Perhaps someone can explain to me why Plouffe should be fired for writing the memo, because, after reading it, I am at a loss to know what Nutter (aptly named) finds problematic about it.

The USA Today piece includes audio of the telephone conversations.

Jonathan Chait suggests that the Clinton strategy is to make Obama unelectable by saying he’s unelectable, over and over and in every way possible:

As I said, Obama was running well ahead of Clinton in head-to-head matchups a few weeks ago, and now they’re tied. After several more weeks of Clinton reinforcing McCain’s message against Obama, Clinton will probably be performing better than Obama against McCain. This is the point I made in my TRB column. She needs to convince the remaining uncommitted superdelegates to split for her by about a 2-to-1 margin. The only way she can get a split like that is if she can persuasively argue that Obama is unelectable. And the only way she can do that is to make him unelectable. Some people have treated this as an unfortunate byproduct of Clinton’s decision to continue her campaign. It’s actually a central element of the strategy. Penn is already saying he’s unelectable. It’s not true, but by the time the convention rolls around, it may well be.

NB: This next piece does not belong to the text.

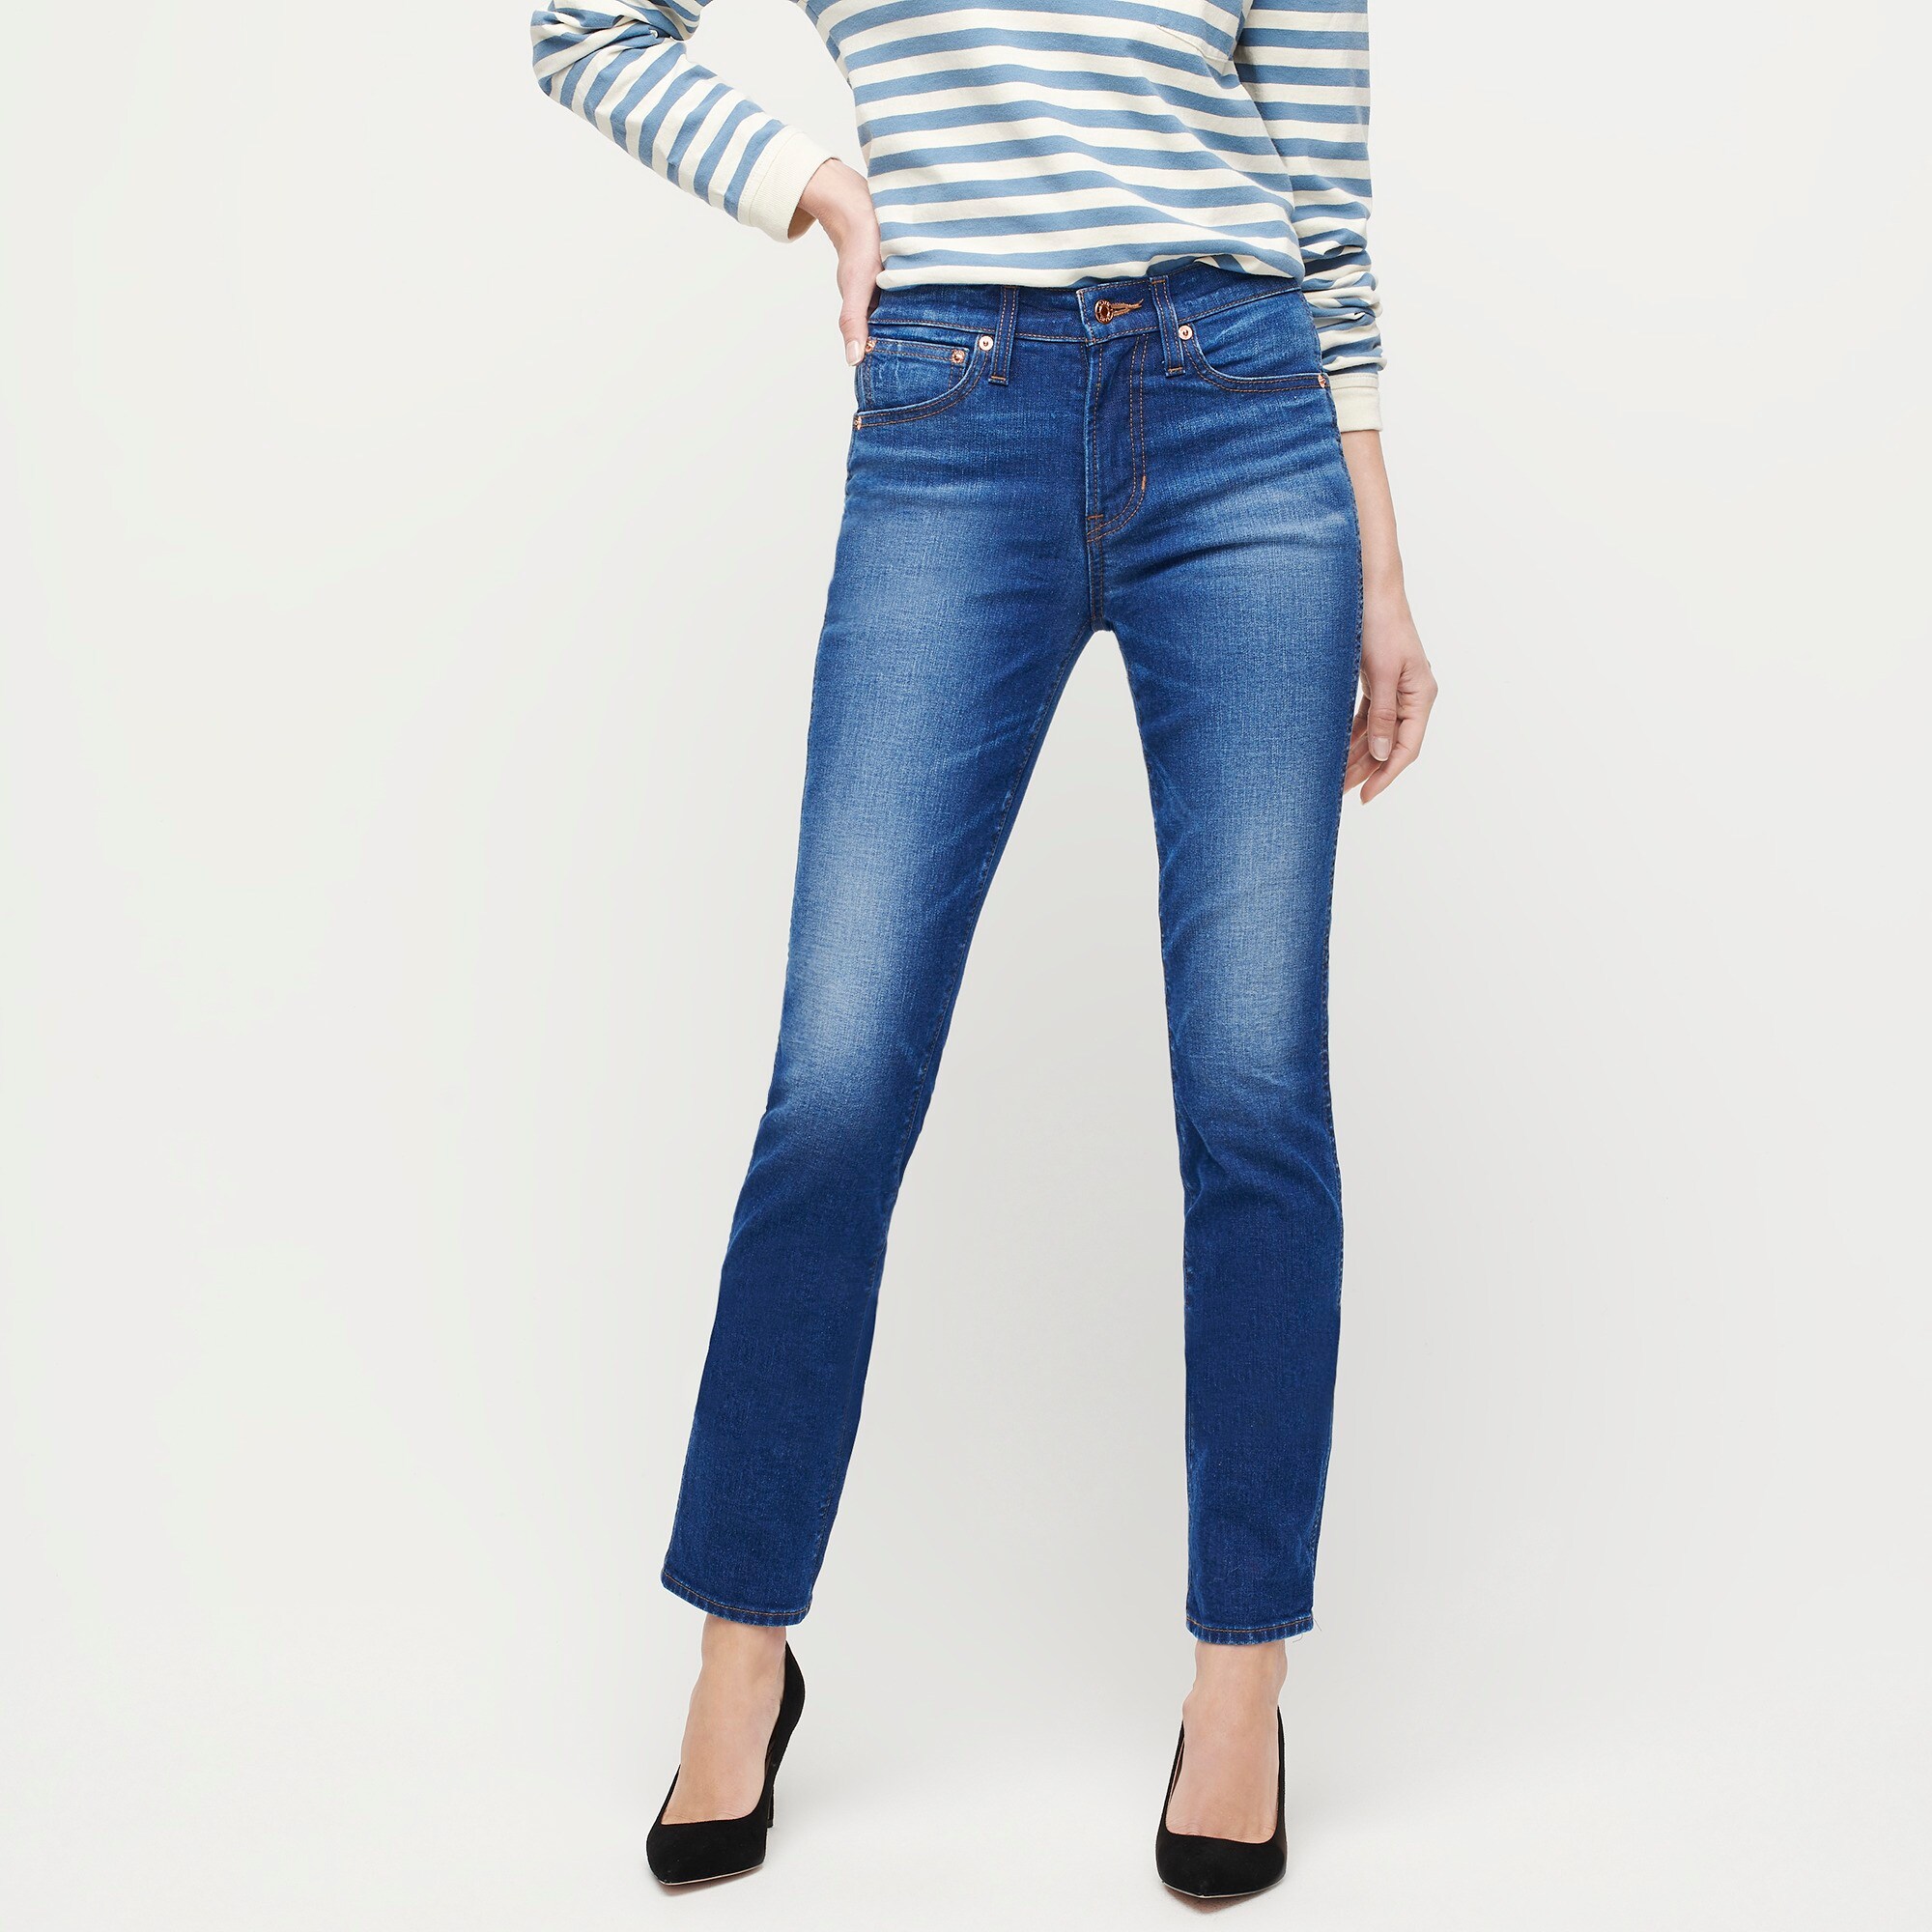 aerin frame jeans
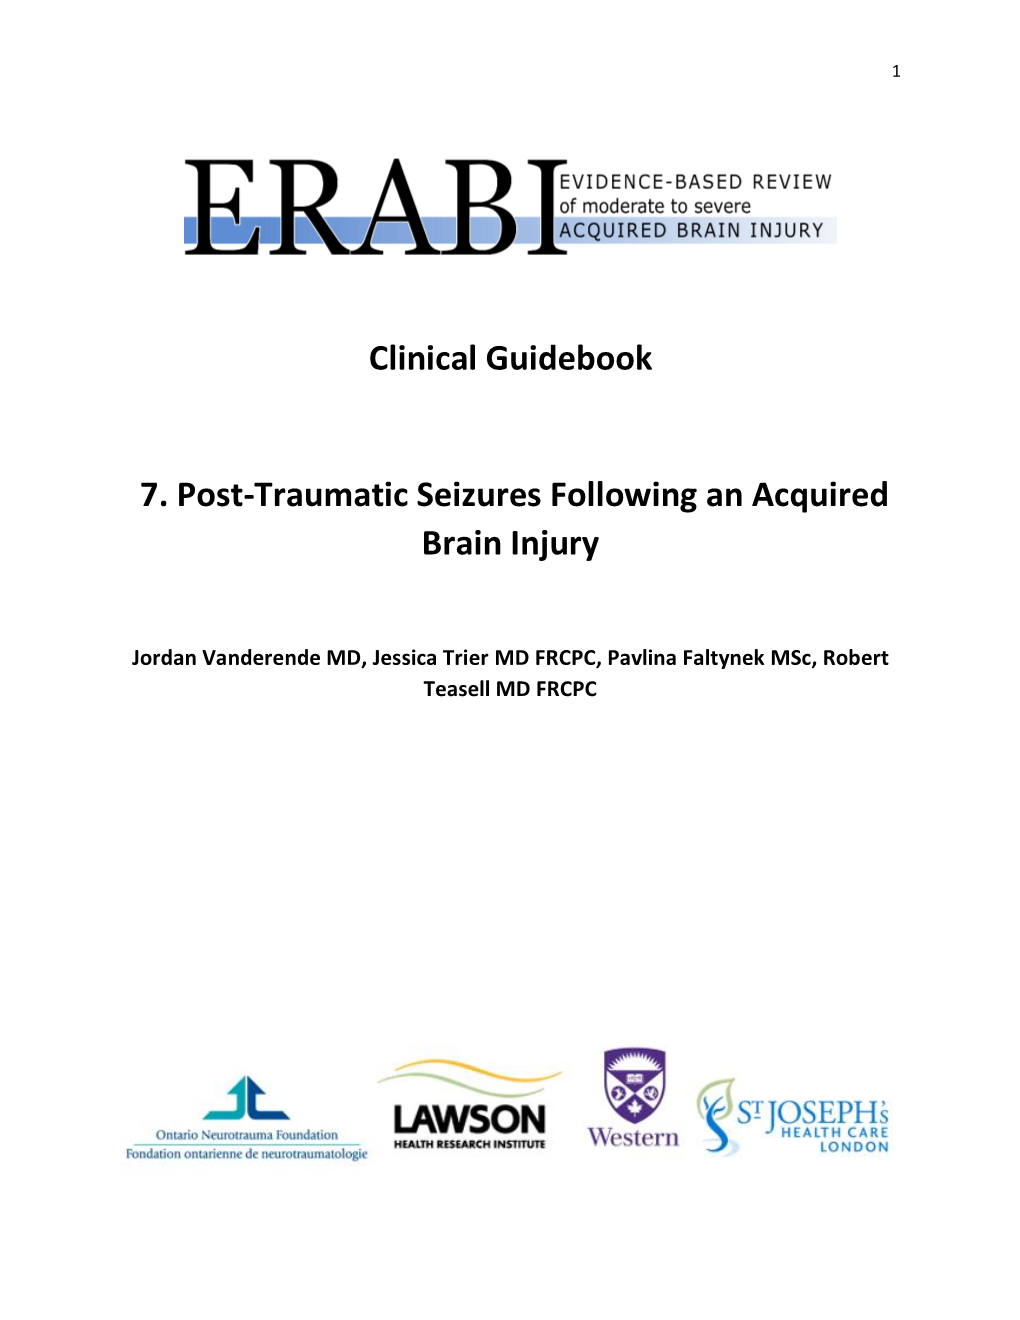 Clinical Guidebook 7. Post-Traumatic Seizures Following an Acquired Brain Injury

John Cole thinks Clinton is a sociopath:

Listen to this interview (via Sully). Hillary Clinton is insane. I don’t know what else to conclude after listening to her state, the Michigan and Florida elections were fair, to state that she never claimed McCain was experienced and Obama was not, to claim she has not hinted that Obama would be her VP. It was like Say Anything, the political edition. Sullivan is right- she is a sociopath. There really is no other way to describe it.

That NPR link actually comes from one of Andrew Sullivan’s readers, who passed it along with this commentary:

If you did not hear Clinton’s interview with Steve Inskeep on NPR this morning, be sure to give a listen. It shattered my Obama optimism.

Inskeep gave her several of the hard questions you write about every day, and she parried every one. She sounded — not was, but sounded — rational, logical, sensible (Obama-like?) in explaining why the MI and FL delegates should be seated, and denying she ever said McCain was more qualified than Obama. Some of her answers were such whoppers that Inskeep actually repeated the questions, his voice rising with incredulity.

The woman is an absolute assassin. Ice water in her veins. A second-generation terminator (yeah, the liquid-metal kind). As a politician, I fear she is light years ahead of Obama, and I am very, very afraid.

After listening to the interview (and actually before that, if I’m honest), I agree.

Did you know that the p.r. firm Mark Penn runs (Burson-Marsteller; he’s CEO) also is advising John McCain in his run for the Republican nomination? Neither did I.